In his posthumously published autobiography, Peel said that he had been raped by an older pupil while at Shrewsbury.[9]

After finishing his National Service in 1959 in the Royal Artillery as a B2 radar operator,[10] he worked as a mill operative at Townhead Mill in Rochdale[11] and travelled home each weekend to Heswall on a scooter borrowed from his sister. Whilst in Rochdale during the week, he stayed in a bed-and-breakfast in the area of Milkstone Road and Drake Street and would develop long-term associations with the town as the years progressed.

Career

United States

In 1960, aged 21, Peel went to the United States to work for a cotton producer who had business dealings with his father.[12] Once this job finished, he took a number of others, including working as a travelling insurance salesman. While in Dallas, Texas, where the insurance company he worked for was based, he conversed with the presidential candidate John F. Kennedy, and his running mate Lyndon B. Johnson, who were touring the city during the 1960 election campaign, and took photographs of them.

Following Kennedy's assassination in November 1963, Peel passed himself off as a reporter for the Liverpool Echo in order to attend the arraignment of Lee Harvey Oswald. He and a friend can be seen in the footage of the 22/23 November midnight press conference at the Dallas Police Department when Oswald was paraded before the media.[13] He later phoned in the story to the Echo.

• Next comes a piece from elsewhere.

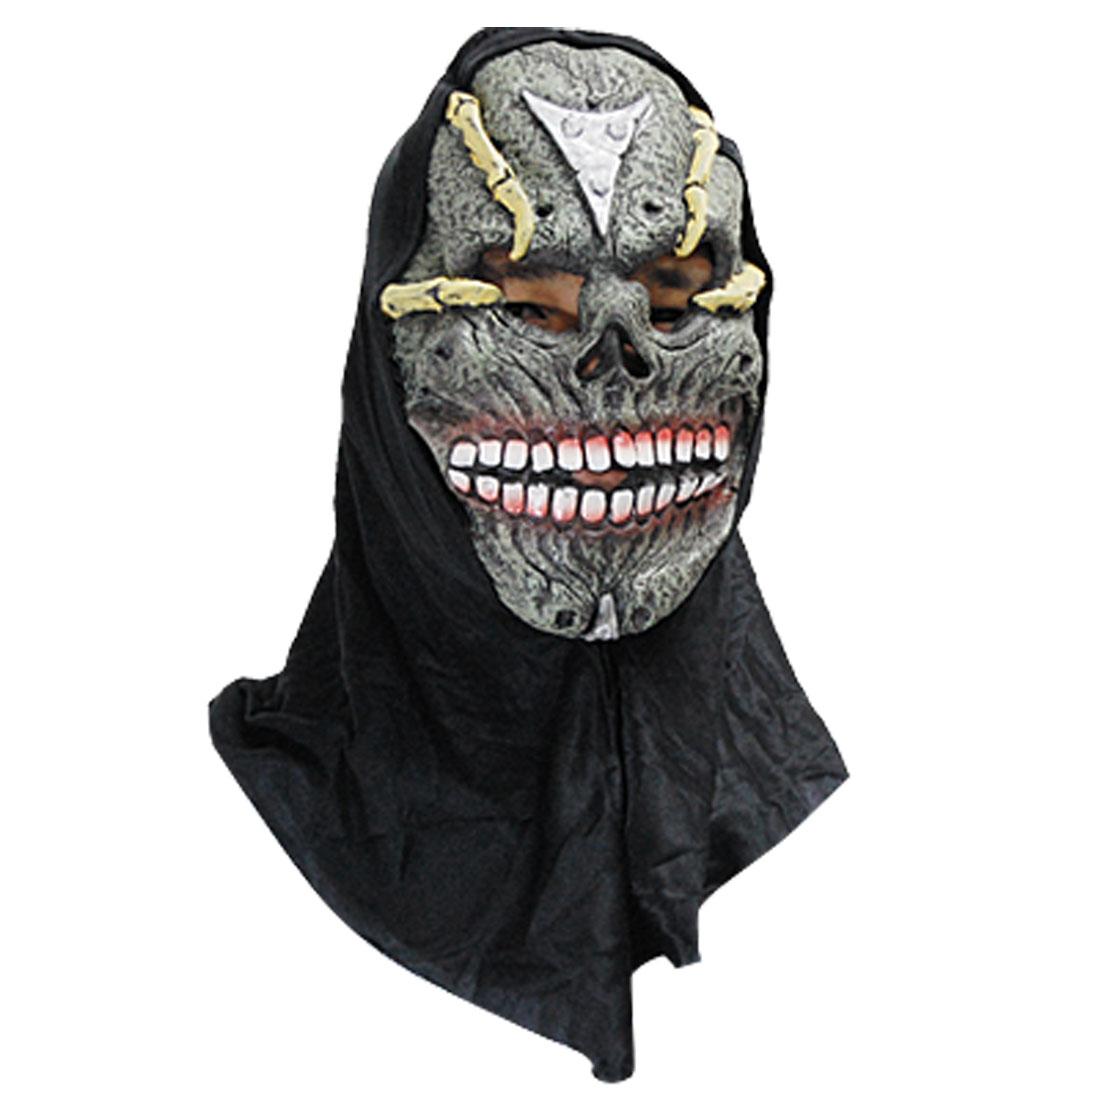 Dead Pawn Skull Rubber Halloween Mask

While working for the insurance company, Peel wrote programs for punched card entry for an IBM 1410 computer (which led to his entry in Who's Who noting him as a former computer programmer), and he got his first radio job, albeit unpaid, working for WRR (AM) in Dallas. There, he presented the second hour of the Monday night programme Kat's Karavan, which was primarily hosted by the American singer and radio personality Jim Lowe. Following this, and as Beatlemania hit the United States, Peel got a job with the Dallas radio station KLIF as the official Beatles correspondent on the strength of his connection to Liverpool. He later worked for KOMA in Oklahoma City, Oklahoma, until 1965 when he moved to KMEN in San Bernardino, California, using the name John Ravencroft to present the breakfast show.[14]

Return to Britain

Peel returned to England in early 1967 and found work with the offshore pirate radio station Radio London. He was offered the midnight-to-two shift, which gradually developed into a programme called The Perfumed Garden (some thought it was named after an erotic book famous at the time – which Peel claimed never to have read). It was on "Big L" that he first adopted the name "John Peel" (the name was suggested by a Radio London secretary) and established himself as a distinctive radio voice.

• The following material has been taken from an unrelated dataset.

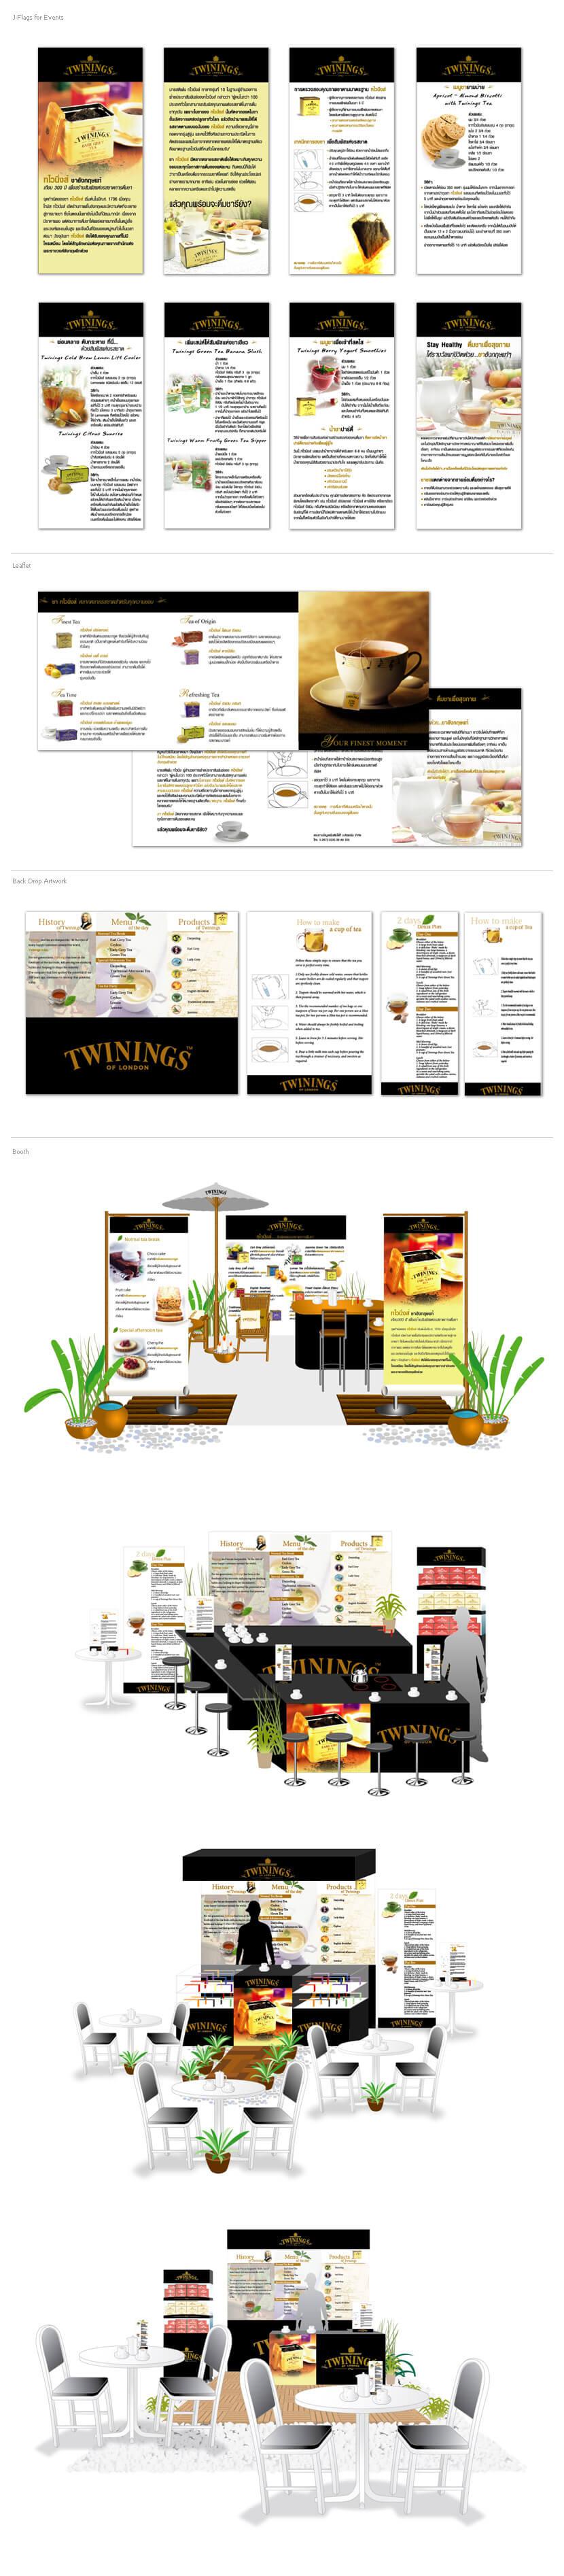 Print Design - Twinings

Peel's show was an outlet for the music of the UK underground scene. He played classic blues, folk music and psychedelic rock, with an emphasis on the new music emerging from Los Angeles and San Francisco. As important as the musical content of the programme was the personal – sometimes confessional – tone of Peel's presentation, and the listener participation it engendered. Underground events he had attended during his periods of shore leave, like the UFO Club and "The 14 Hour Technicolor Dream", together with causes célèbres like the drug "busts" of the Rolling Stones and John "Hoppy" Hopkins, were discussed between records. All this was far removed from Radio London's daytime format. Listeners sent Peel letters, poems, and records from their own collections, so that the programme became a vehicle for two-way communication; by the final week of Radio London he was receiving far more mail than any other DJ on the station.[15]

After the closure of Radio London in 1967, Peel wrote a column, The Perfumed Garden, for the underground newspaper the International Times (from autumn 1967 to mid-1969), in which he showed himself to be a committed, if critical, supporter of the ideals of the underground. A Perfumed Garden mailing list was set up by a group of keen listeners, which facilitated contacts and gave rise to numerous small-scale, local arts projects typical of the time, including the poetry magazine Sol.

BBC career

Peel in a record shop in Bochum, Germany

When Radio London closed down on 14 August 1967, John Peel joined the BBC's new pop music station, BBC Radio 1, which began broadcasting the following month. Unlike Big L, Radio 1 was not a full-time station, but a hybrid of recorded music and live studio orchestras. Peel recalled, "I was one of the first lot on Radio 1 and I think it was mainly because ... Radio 1 had no real idea what they were doing so they had to take people off the pirate ships because there wasn't anybody else." Peel presented a programme called Top Gear. At first he was obliged to share presentation duties with other DJs (Pete Drummond and Tommy Vance were among his co-hosts) but in February 1968 he was given sole charge of Top Gear; he continued to present the show until it ended in 1975. Peel played an eclectic mix of the music that caught his attention, which he would continue to do throughout his career.

In 1969, after hosting a trailer for a BBC programme on VD on his Night Ride programme, Peel received significant media attention because he divulged on air that he had suffered from a sexually transmitted disease earlier that year. This admission was later used in an attempt to discredit him when he appeared as a defence witness in the 1971 Oz obscenity trial.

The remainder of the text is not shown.